Of note in the data directory:

All your Tweets in JSON:
data/tweets.js

All the images & video for your tweets (includes retweets):
data/tweets_media/

All your Direct Messages in JSON:
data/direct-messages.js

All the images & video for your messages:
data/direct_messages_media/

List of accounts following you:
data/follower.js

List of accounts you follow:
data/following.js

List of tweets you have liked:
data/like.js

Gotchas / warnings / limitaions:

1. There *does not seem* to be a list of your bookmarks.

2. The archive does not contain the alt text you may have put on images.
(Alt text was limited to 1500 characters instead of 280, so it was
handy sometimes for squeezing more text into a tweet, even if
partially hidden.)

3. Images in the media folders might not be the largest size twitter has
for your account.

4. Some JSON files have both Twitter short links (https://t.co/...) and
expanded URLs, while some just have the short links.

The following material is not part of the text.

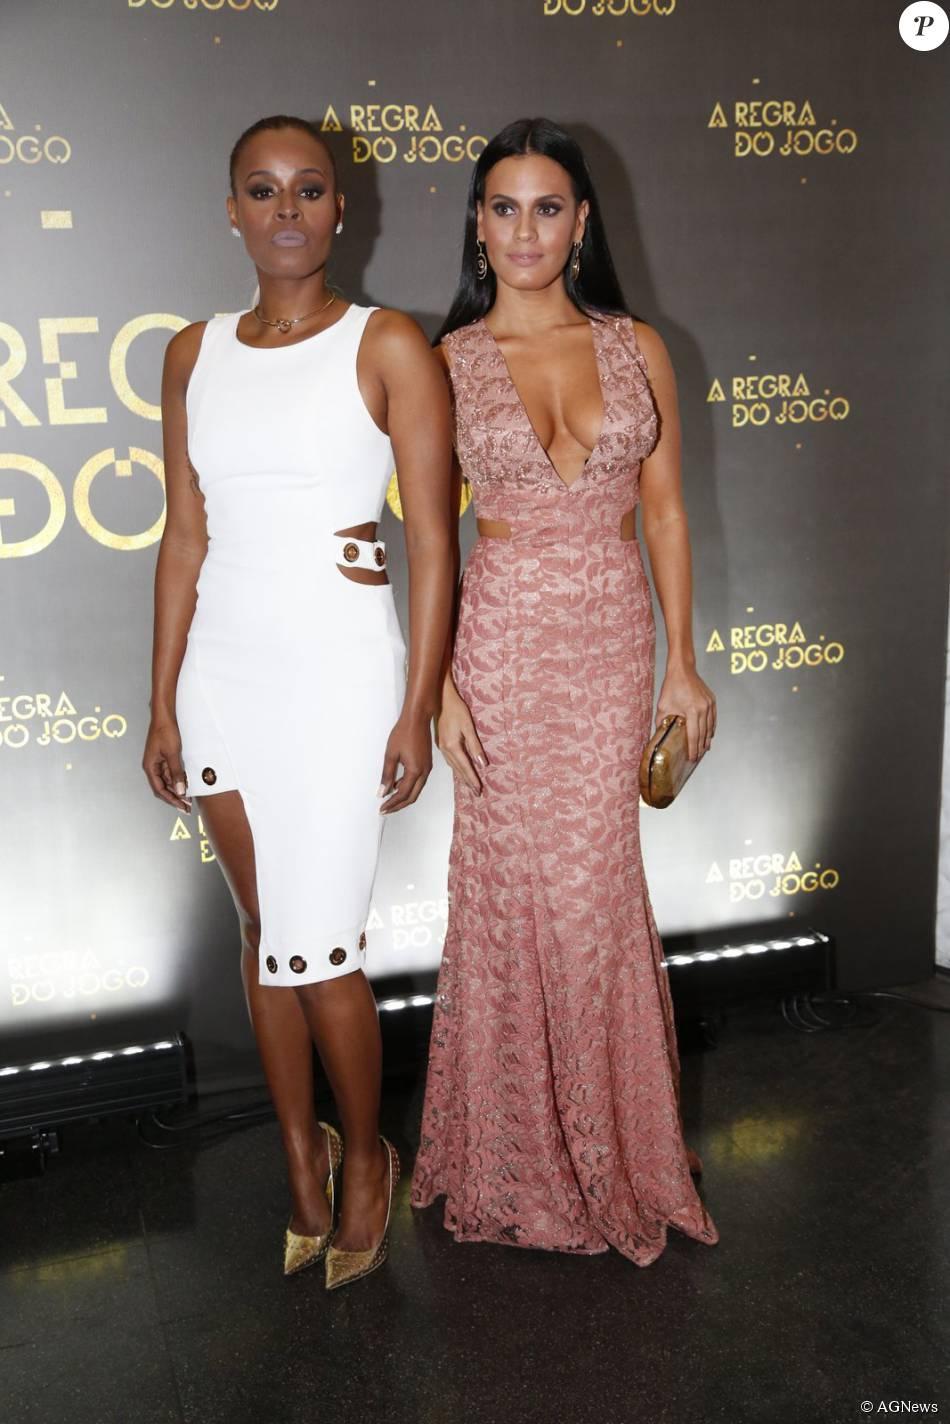 Roberta Rodrigues usa vestido com recortes assimétricos Skazi, sapato Jimmy Choo e  joias Eleonora Hsiung Ateliê. Leticia Lima apostou no decote e recortes na altura da cintura

For point 2: there's an archiver tool here from people who do alt-text
type stuff in general:

https://archive.alt-text.org/
https://github.com/alt-text-org/tweet-alt-archive

For point 3: There's a tool here you can run to get full size images:

https://github.com/timhutton/twitter-archive-parser

For point 4: I've looped over mine with a simple shell script. Basically

# GNU grep has -o to only include part of line that matches
for link in $( grep -h -o 'https*://t.co/[a-zA-Z0-9]*' \
data/tweets.js data/like.js |
sort -u ); do
printf "\n%s: " "$link"
curl -w '%{redirect_url}' -o /dev/null -s "$link"
sleep 5
done > expanded-tco.links

For point 1: I haven't found anything except manual work yet to get the
bookmarks.

"Okay, GREAT!" you say, "But what about archiving stuff that is not in
my account? Like what if I want to save my liked tweets with images and
video? Or tweets I've posted to Usenet over the years? Or someone else's
account's public tweets?"

Here's a list of tools the data hoarders of Reddit have collected:
https://www.reddit.com/r/DataHoarder/comments/yy7tig/backup_twitter_now_multiple_critical_infra_teams/

Personally I like Social Network Scraper, snscrape, from that list. It's
python3 and in pip:

$ sudo apt-get install python3-pip # eg for Ubuntu
$ pip3 install snscrape

Take care that *where* pip installs it is on your $PATH, and then
you are ready to go. The usage example for snscrape is a bit vague.
I've found there are two useful modes: entire account and single tweet.

$ account=NanoRaptor
$ snscrape --jsonl twitter-user $account > $account.json

Verify $account.json looks good (for some accounts I'm not getting
much) then extract media URLs:

$ jq -r '.media[] | .fullUrl' $account.json 2>/dev/null > image.links
$ jq -r '.media[] | .variants[] | .url' \
$account.json 2>/dev/null > video.links

Use 2>/dev/null because you'll get a ton of "Cannot iterate over null"
errors for tweets without images or video. The video.links will include
a lot of alternatives for some tweets, and just a single one for
others. I don't have a good way of picking "best" automatically.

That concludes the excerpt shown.